Scoring systems: there are several scoring systems in STEMI, allowing clinicians to estimate individual probability of unwanted outcomes. The Global Registry of Acute Coronary Events risk score provides the most accurate stratification of risk both on admission and at discharge due to its good discriminative power.

Echocardiography: echocardiography is a noninvasive tool and remains the main investigation choice in diagnosing complications of myocardial infarction. Evidence has shown that the use of echocardiography predischarge is valuable in risk stratification post STEMI. For example, left ventricular EF measured by echocardiography predischarge is a valid indicator of IS and has shown by multiple studies to be an established predictor of cardiac remodeling and adverse clinical outcome.

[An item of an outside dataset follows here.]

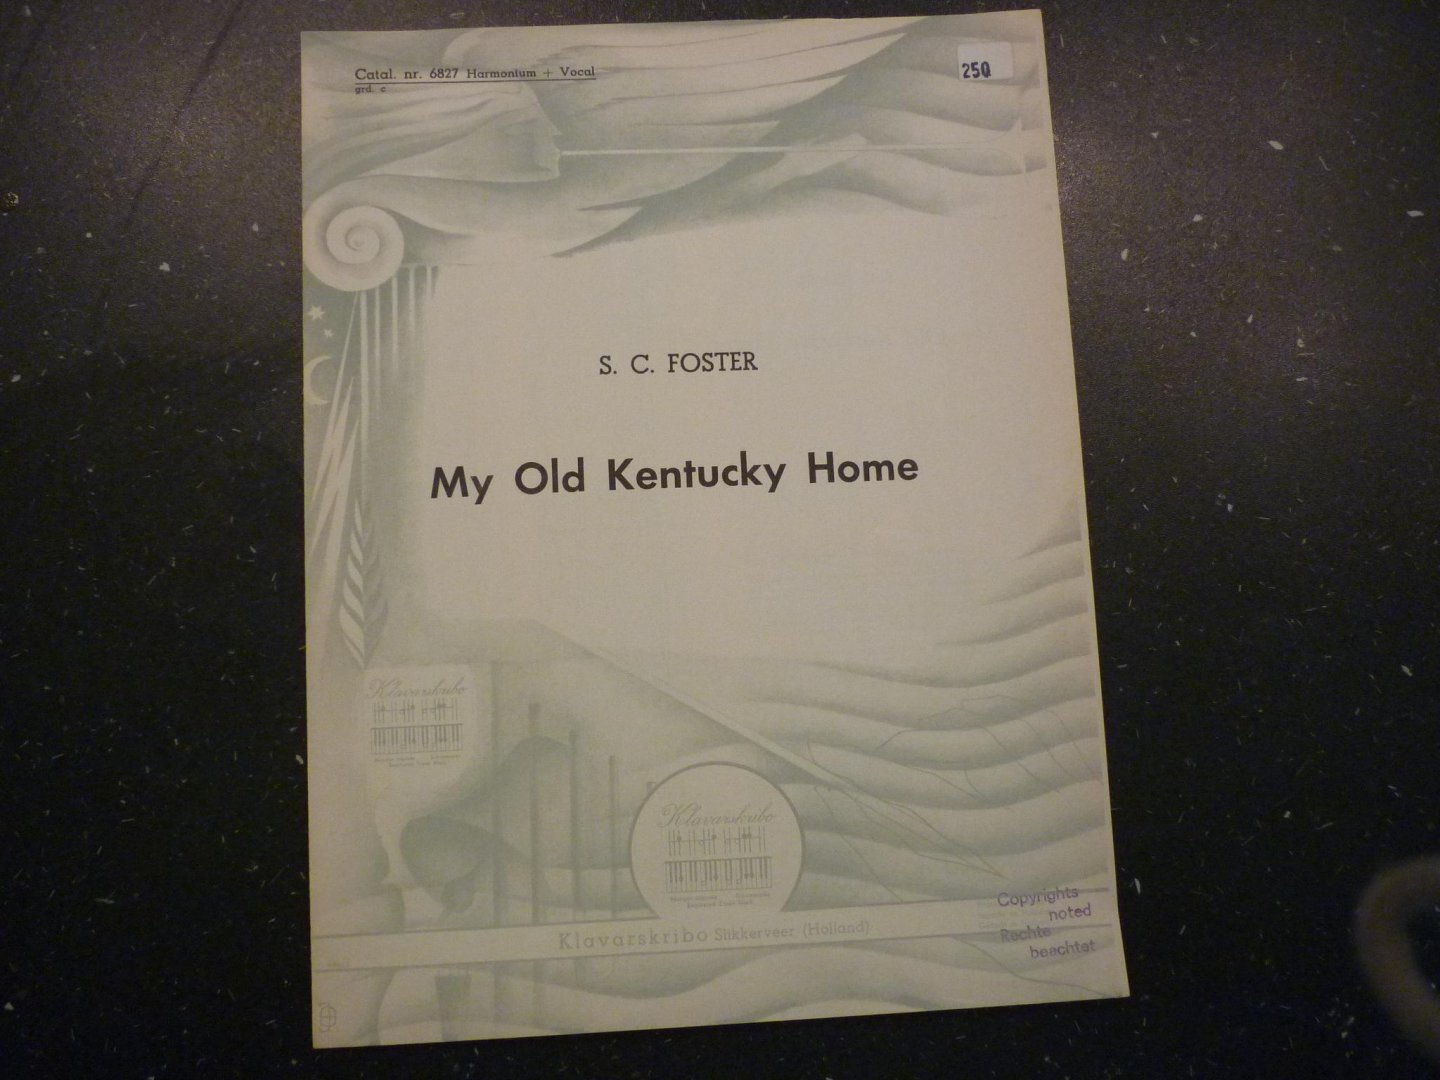 Foster; S.C. - My old Kentucky Home  /  Klavarskribo

Cardiac MRI: cardiac MRI provides information on infarct pathology, as well as left ventricular function and volume, which together enables a comprehensive assessment of the heart, and its’ potential for recovery, after acute STEMI. Cardiac MRI can also detect infarct characteristics including myocardial hemorrhage, which is a complication of severe reperfusion injury in STEMI patients and is now emerging as an important prognostic marker.

Patients with acute STEMI are at risk of complications acutely and in the longer term. During emergency care, clinical judgement and immediately accessible tools, such as the ECG, chest x-ray and echocardiography, remain standard of care tests. For invasively managed patients, adjunctive functional tests including index of microvascular resistance and coronary flow reserve can provide complementary information to the angiogram. However, the extent of their full role in the diagnosis and prognosis remains to be validated.